第15回「台湾李登輝学校研修団」レポート(3)  佐藤 和代(本部事務局)

■ 第3日目(5月9日) 澎湖島で黄天麟先生と林麟祥先生の講義を拝聴

 前日(5月8日)の夕刻に到着した澎湖島。烏山頭ダムを後にした研修団は台南空港から
50人乗りのプロペラ機に乗り込み、30分足らずの空の旅を過ごし馬公空港に降り立ったの
でした。

 澎湖島は台湾本島から約150キロ。澎湖本島、西嶼、白沙の三島で巴の形をなして湾を形
作っており、その周りに小島が点在しています。澎湖群島ともいわれ、島の数は64にもな
るそうです。澎湖は歴史的遺産、海のレジャー、自然の風景が楽しめ、海産物の本当に美
味しい島です。一日ではとても全てを堪能することは叶わず、研修団は台湾と日本をつな
ぐ歴史的遺産を中心に訪ねることになりました。

■ 澎湖生まれの黄天麟先生のご講義

 この日は、黄天麟(こう・てんりん)先生と林麟祥(りん・りんしょう)先生のご講義
を拝聴した後、澎湖島巡りの予定です。

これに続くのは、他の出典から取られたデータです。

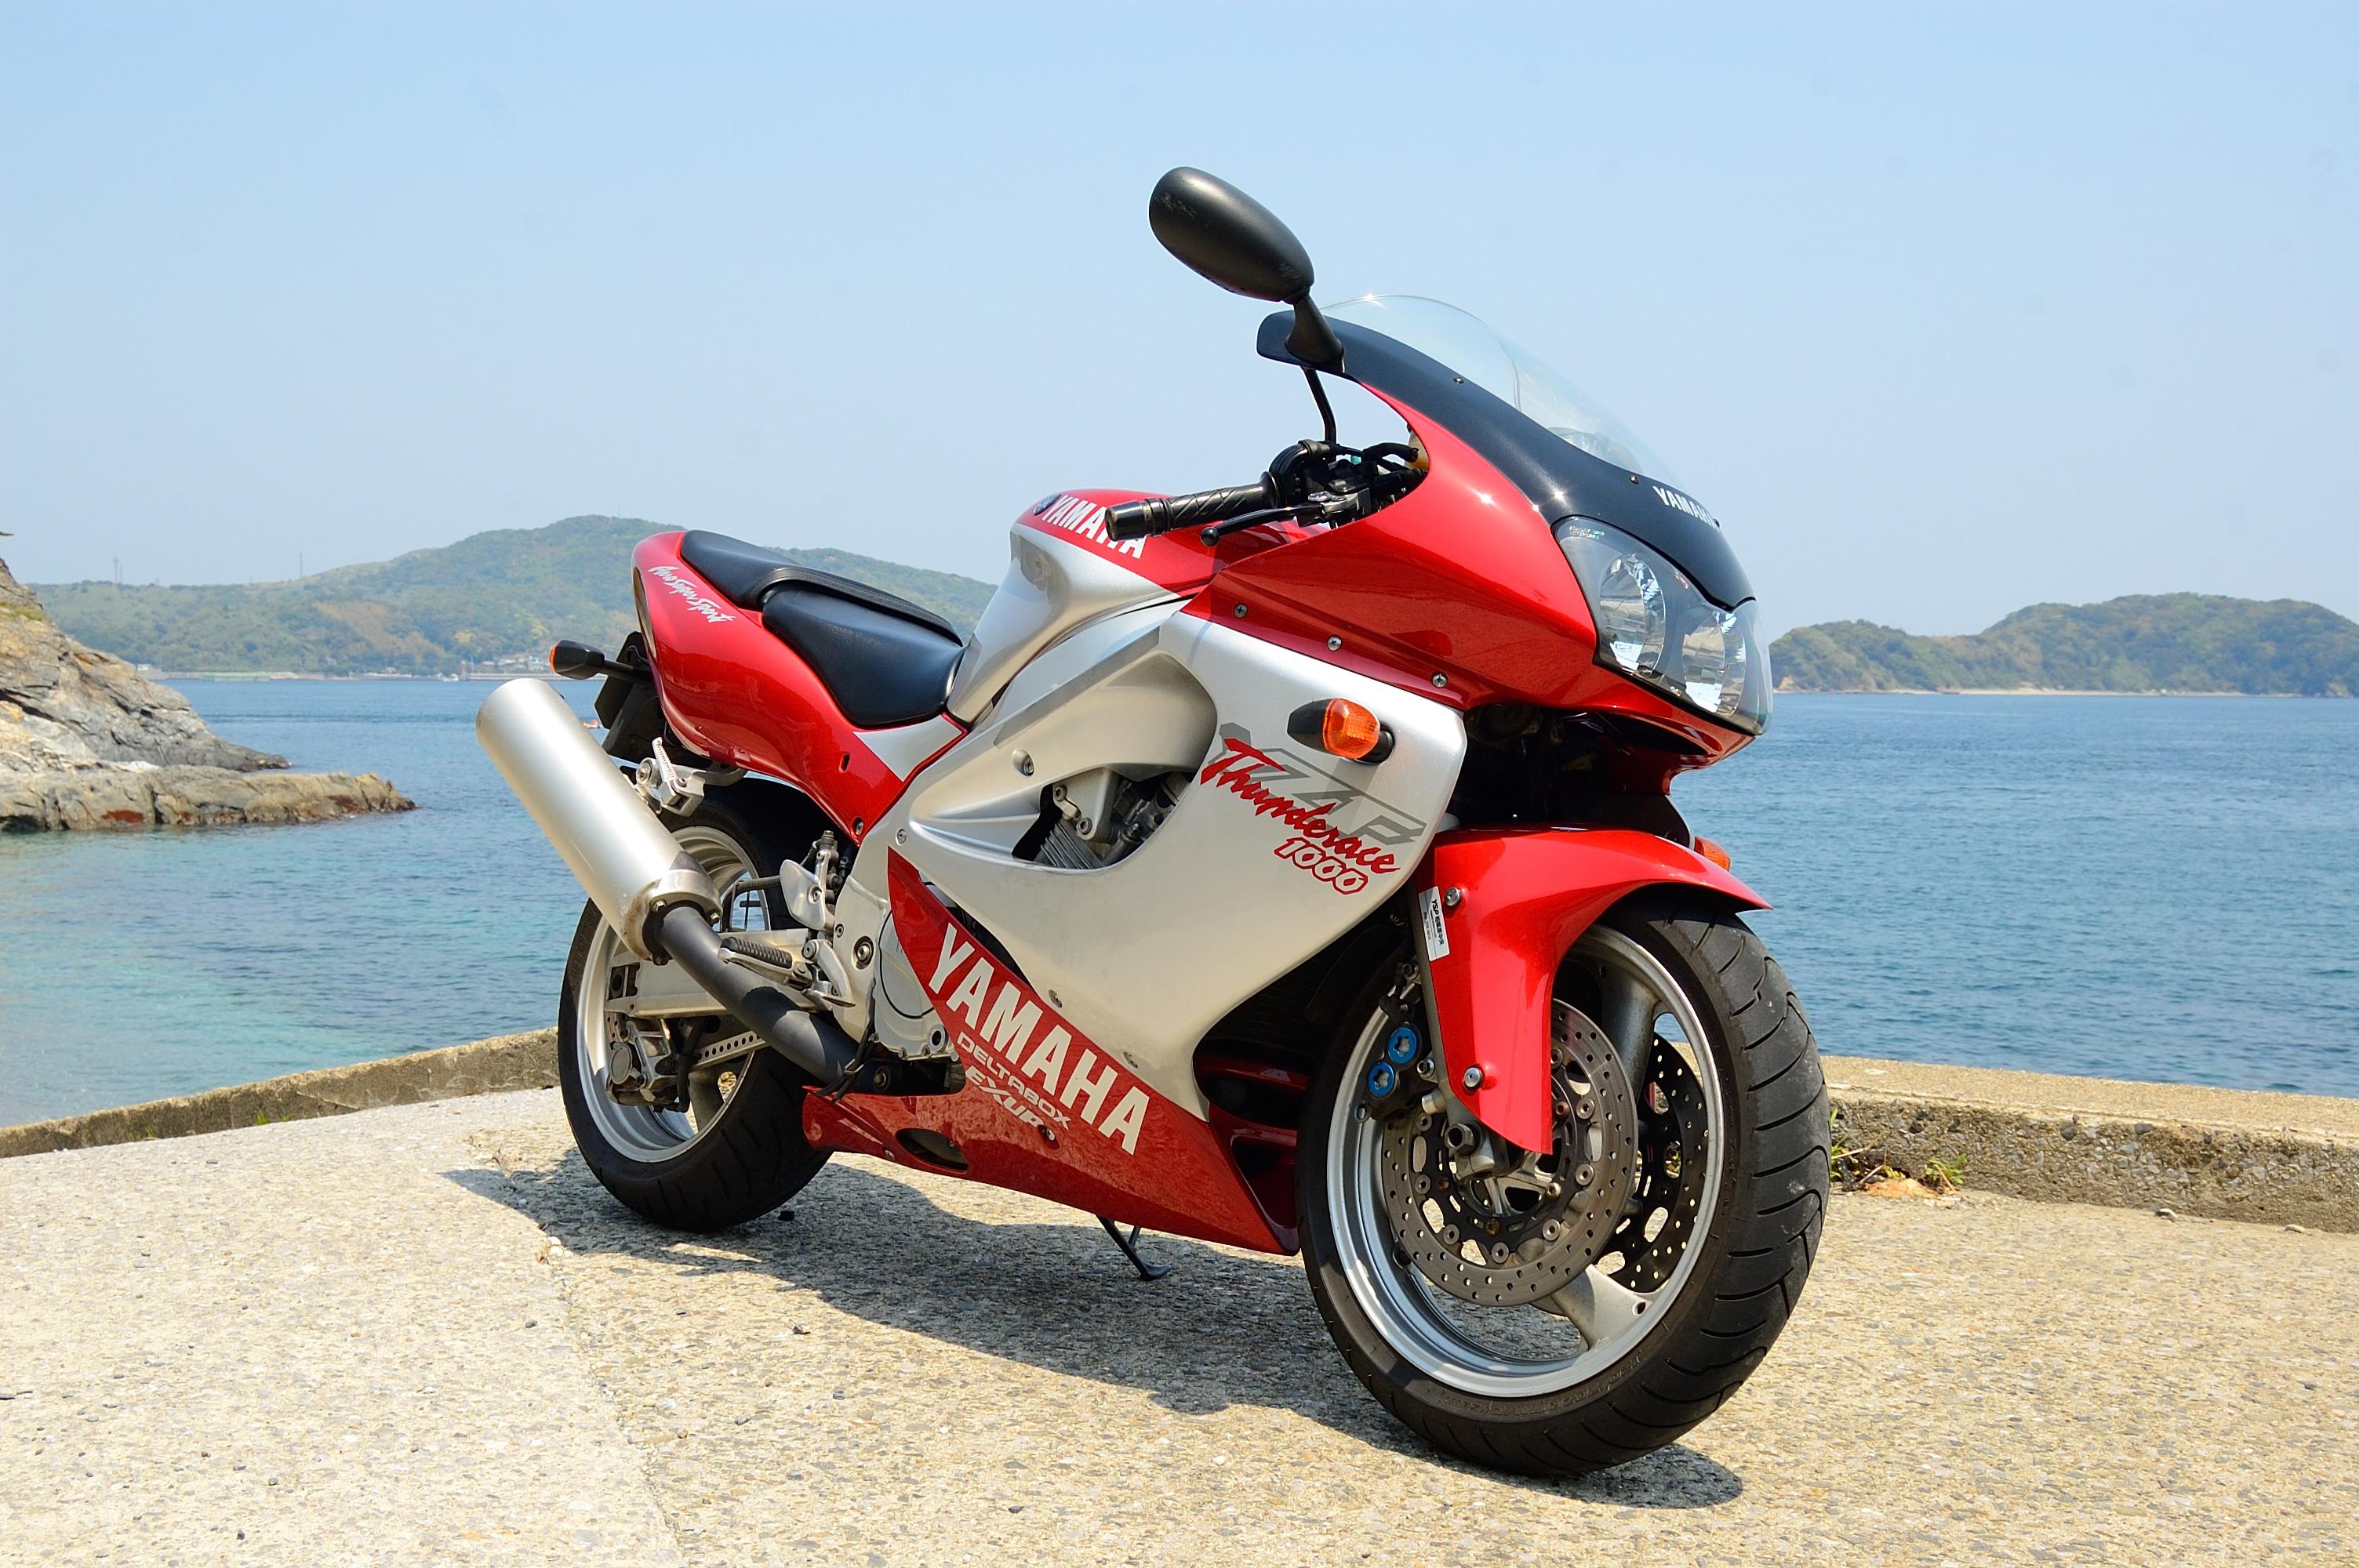 Yamaha YZF1000R Thunderace - Wikipedia

研修団が宿泊した長春大飯店の食堂が研修室に早
変わりし、お二方のご講義をお聞きしました。

 最初に黄天麟先生のお話です。黄先生は第一商業銀行の頭取、会長を歴任され、その後、
李登輝先生の総統時代には国家安全委員会諮問委員を務め、民進党政権の8年間は総統府国
策顧問をお務めになった台湾経済界の重鎮です。

 先生は1929年(昭和4年)8月、澎湖本島の馬公市に生まれ、子供時代を過ごされましたが、
島には中学校がなかったため、台湾本島に渡り台南二中(戦後は台南一中)に進学されま
した。その後、戦争になり島には帰れず、戦後は台湾大学法学部経済系に進学、コロンビ
ア大学に留学後、第一商業銀行に就職されました。澎湖島に支店があれば勤めたかったそ
うですが、澎湖島に支店はなく、基隆支店などに勤められたそうです。

 先生曰く「ですから、澎湖島には昔の記憶しかないのです」。その澎湖島で印象に残っ
ているのが花嶼(はなじま)、そして馬公要港にある「そくてん島」(筆者は地図で確か
められず漢字が分かりません)だそうです(この「そくてん島」は満潮時に海面に沈んで
しまうので正式には島ではありません)。馬公の街には海軍の兵隊がいて、駐留軍もあり
飛行場もあり、経済は軍事施設に頼っているといえるそうです。先生が小学生のころには
今の観音亭のあたりに日本海軍が入ってくるのを見た記憶が残っているそうです。

 黄先生はその後、澎湖島の歴史に詳しい林麟祥先生を紹介され、マイクを譲りました。

■ 澎湖の「生き字引」林麟祥先生のご講義

 林麟祥先生は、澎湖で生まれ育ち、長く澎湖県庁にお勤めになり主計畑を歩かれたそう
です。日本時代の澎湖で生まれ育った日本人と台湾人の親睦団体である「日本台湾馬公会」
の特別顧問でもあります。澎湖の郷土史編纂の監修もされている、まさに「澎湖の生き字
引」の先生のお話は、澎湖の視点から台湾の数奇な歴史を辿るものでした。

 澎湖島は地理的に軍事上の要地として西洋に注目されたり、あるいは台湾進出への足が
かりとされてきました。そのため、しばしば戦乱に巻き込まれる運命を背負いました。

 12世紀前半にはすでに漢人は澎湖に移住していたようです。福建省の史料によれば、元
寇の頃(2回目の1281年)、元朝の臨時の役所ができたと一行書いてあるそうですが、これ
は裏付けとなる記載に乏しく信頼に値しないそうです。

 明朝初期(14世紀後半)より海賊が多くなり、澎湖では皆、福建省に撤退させられ、海
岸より50キロは居住しないようにしたそうです。

 16世紀初めにはポルトガル人が澎湖島の傍まできて澎湖を「エスカゴール(漁民の島)」
と呼んだそうな(史料では1544年にポルトガル人は台湾を「麗しき島(イラ・フォルモ
サ)」と賞賛したとある)。

 17世紀に入るとオランダ、スペインが勢力を伸ばし始めます。オランダは1602年には東
インド会社を設立し、世界に通商を申し込んだりしていました。1622年にオランダ艦隊(海
軍陸戦隊)が来て澎湖を攻撃、占領します。明との和議でオランダは澎湖を去り、台湾本
島を占領することになり、日本とも通商するようになります(日本としてはオランダ人に
乗り込まれた感じ。そのうち日本は鎖国へ)。

 しかし台湾ではオランダの圧政が強まり、オランダを追い出せの気運が高まってきます。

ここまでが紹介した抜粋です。